The VIX options pits were very active last week as traders are loading up for a 3%-5% pullback in the market over the next month, or by mid-February. There are a number of ways to trade the VIX and I often profile trades when the time feels right. Premiums on VIX call and put options can be somewhat expensive but rightly so because of the direct hit or profit they make on unusual and highly volatile trading sessions.
The “crowd” has been focusing on the action in the iPath S&P 500 VIX Futures (VXX, 20.71, down 0.83) despite shares continuing to set fresh 52-week lows. The major moving averages are still in a major downtrend with risk to the high teens on continued weakness. Fresh support is at 20.50-20. Resistance is at 21.50-22.
Traders were buying the VXX February 25 calls (VXX170217C00025000, $0.40, down $0.25) and the VXX February 30 calls (VXX170217C00030000, $0.17, down $0.11) throughout last week. The losses in both aforementioned call options were pushing 40% on Friday alone as hype of a selloff was just around the corner played like a broken record.
We have been mentioning the current trading range could last into February and why we have stayed away from buying “protection”. While the slick talking pros say you need it as buying VXX call options protects your portfolio, it’s like buying insurance when playing blackjack. When we play 21, we have to feel the environment and how our stack is going before wasting money on insurance.
I also don’t like paying for insurance because timing the VIX can also lead to a triple-digit return with the right options. Given the technical setup and the chance for the low high teens to come into play, perhaps put options are the way to go. Remember, if I feel the market is going to sink, I sometimes buy put options on the indexes.
The VIX is different in a way that we are buying put options on hopes of a higher market. The will cause the VXX to continue its slide along with the VIX that I have said has the chance to test 10 and possibly single-digits.

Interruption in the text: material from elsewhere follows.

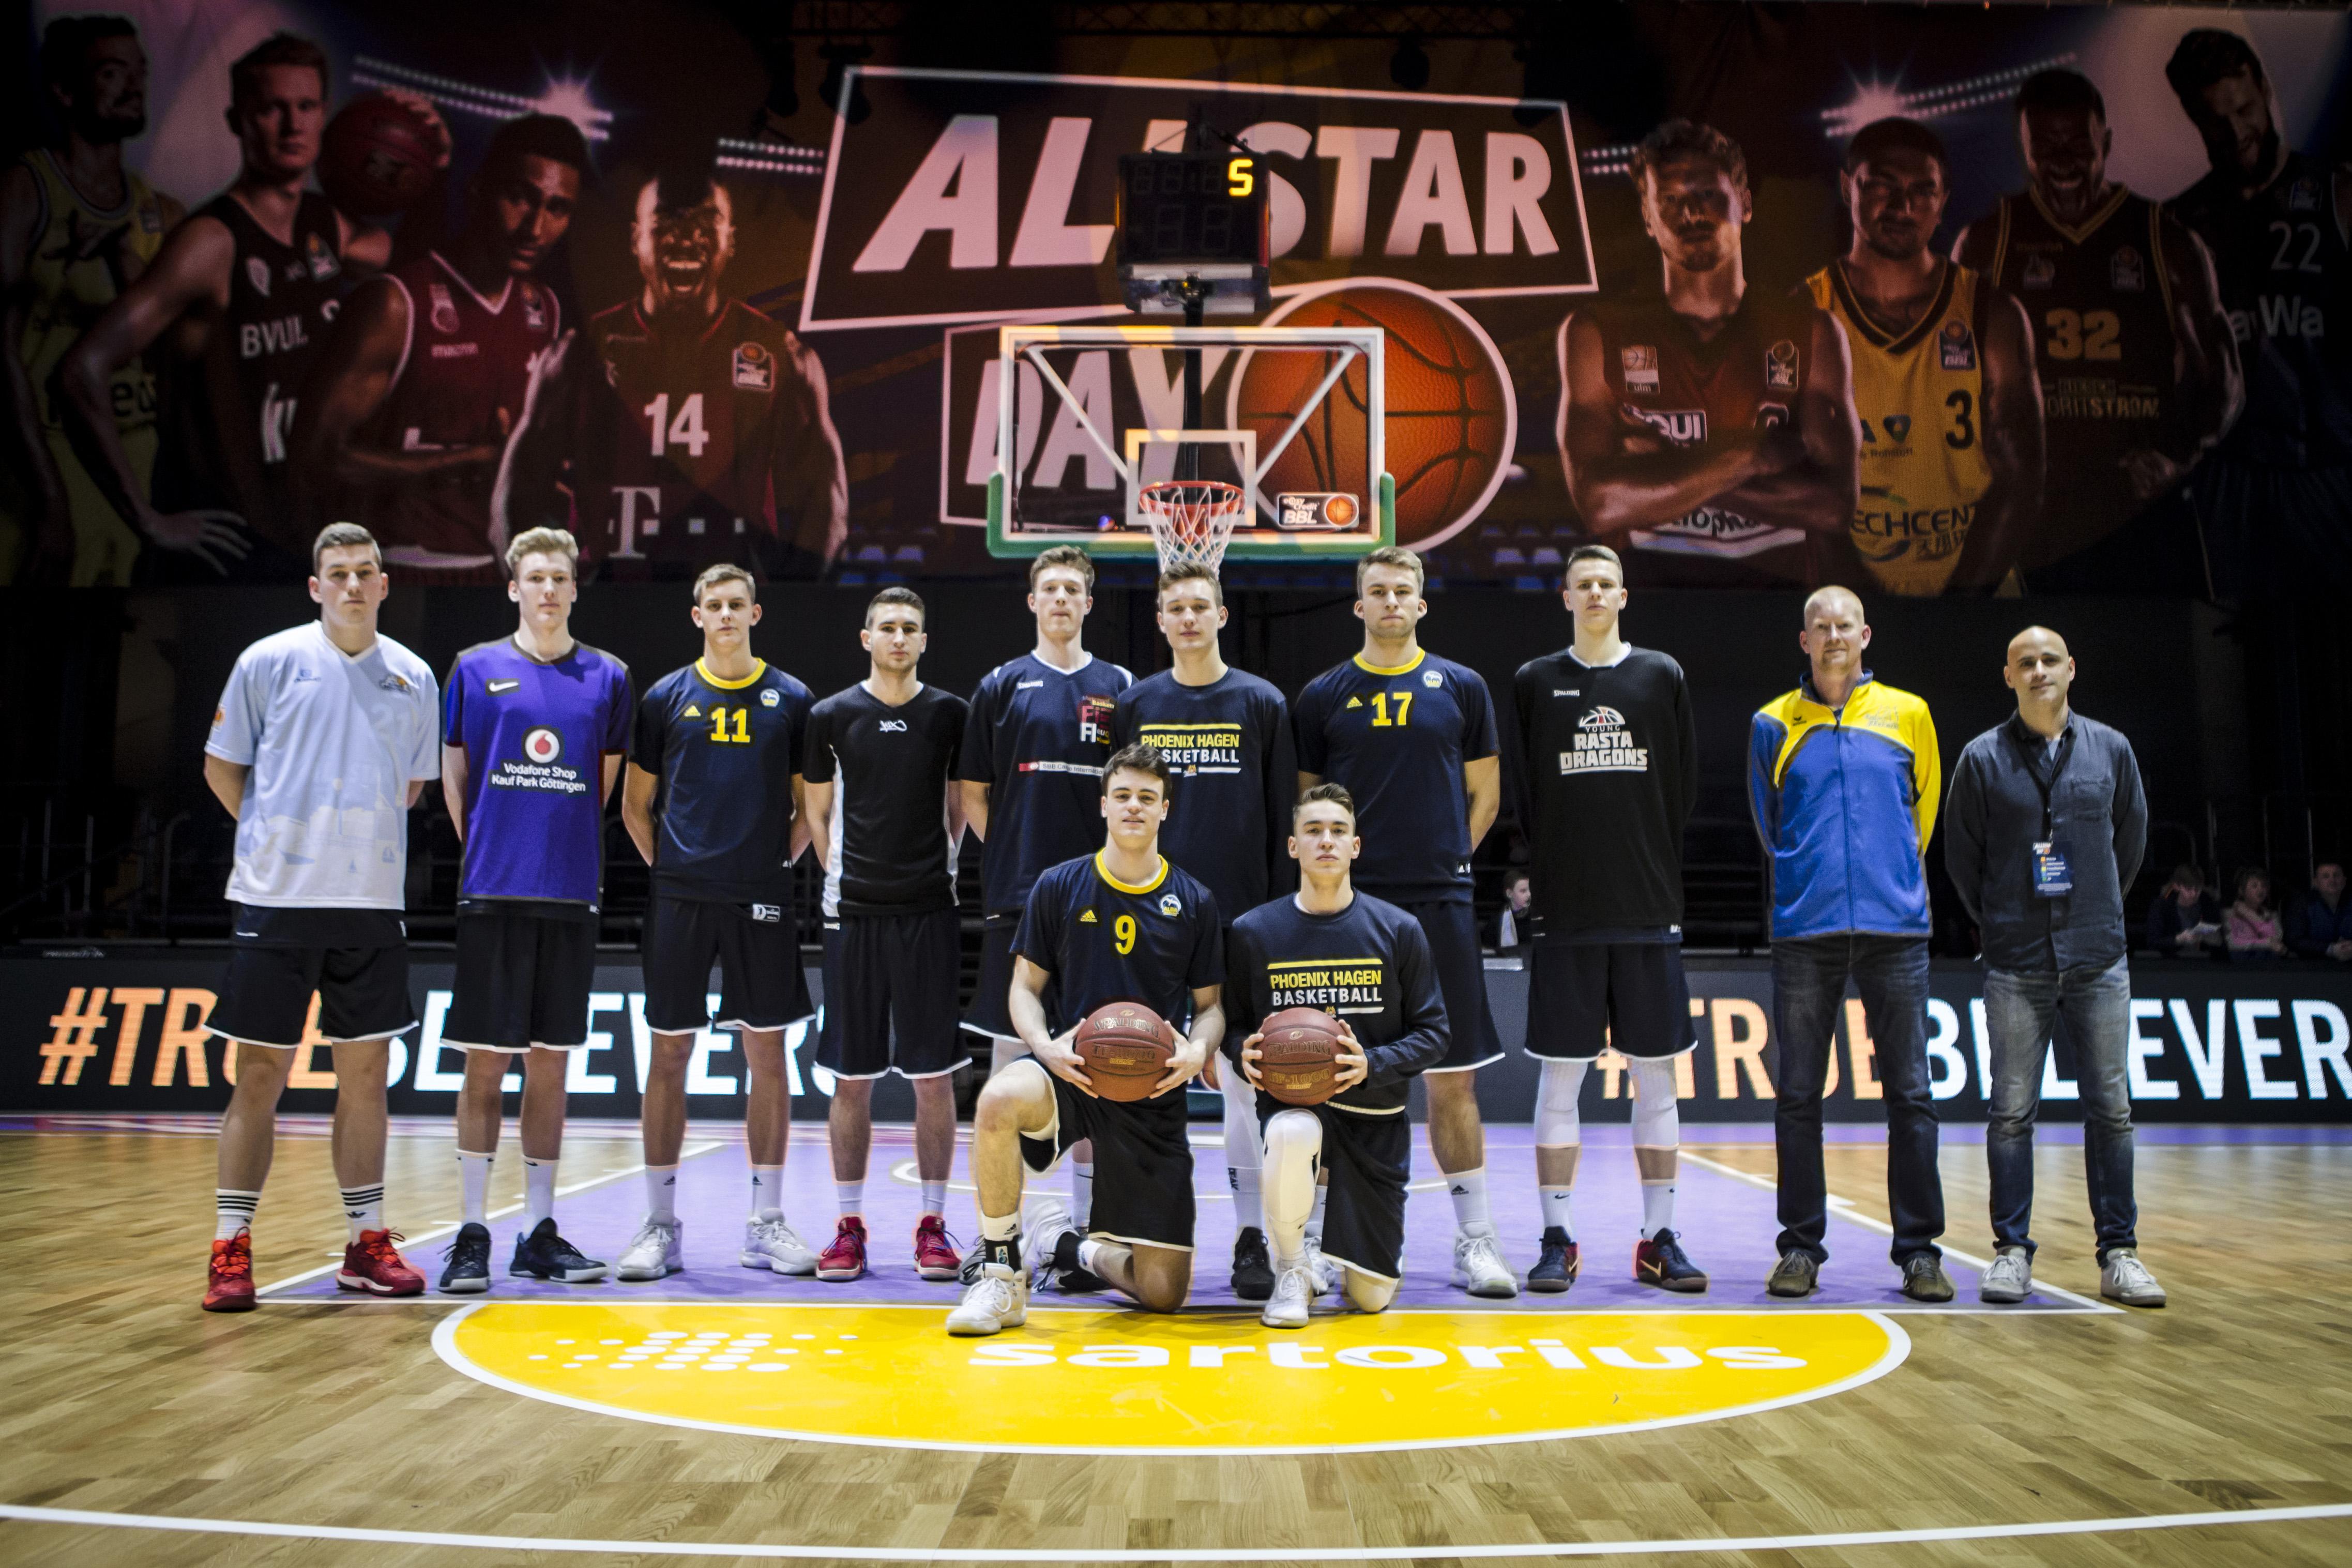 Team Nord während des NBBL ALLSTAR GAME im Rahmen des easyCredit BBL ALLSTAR Day in der Lokhalle Göttingen. Foto: Sven Kuczera

There are weekly and regular monthly call and put options that trade on the VXX but the monthly provide more liquidity with tighter bid/ask prices. The VXX February 20 puts (VXX170217P00020000, $0.81, up $0.18) jumped nearly 30% on Friday after opening at 69 cents. If VXX trades down to 18 by mid-February, these put options will easily double as they will be at least $2 in-the-money. Over 4,000 contracts traded on Friday.
The VXX March 19 puts (VXX170317P00019000, $1.02, up $0.14) gained over 15% on Friday after opening at 92 cents. If VXX trades below 17 by mid-March, these put options will double as they would also be at least $2 in-the-money. This will also give the trade an additional month to play out and they are roughly two months away from expiration.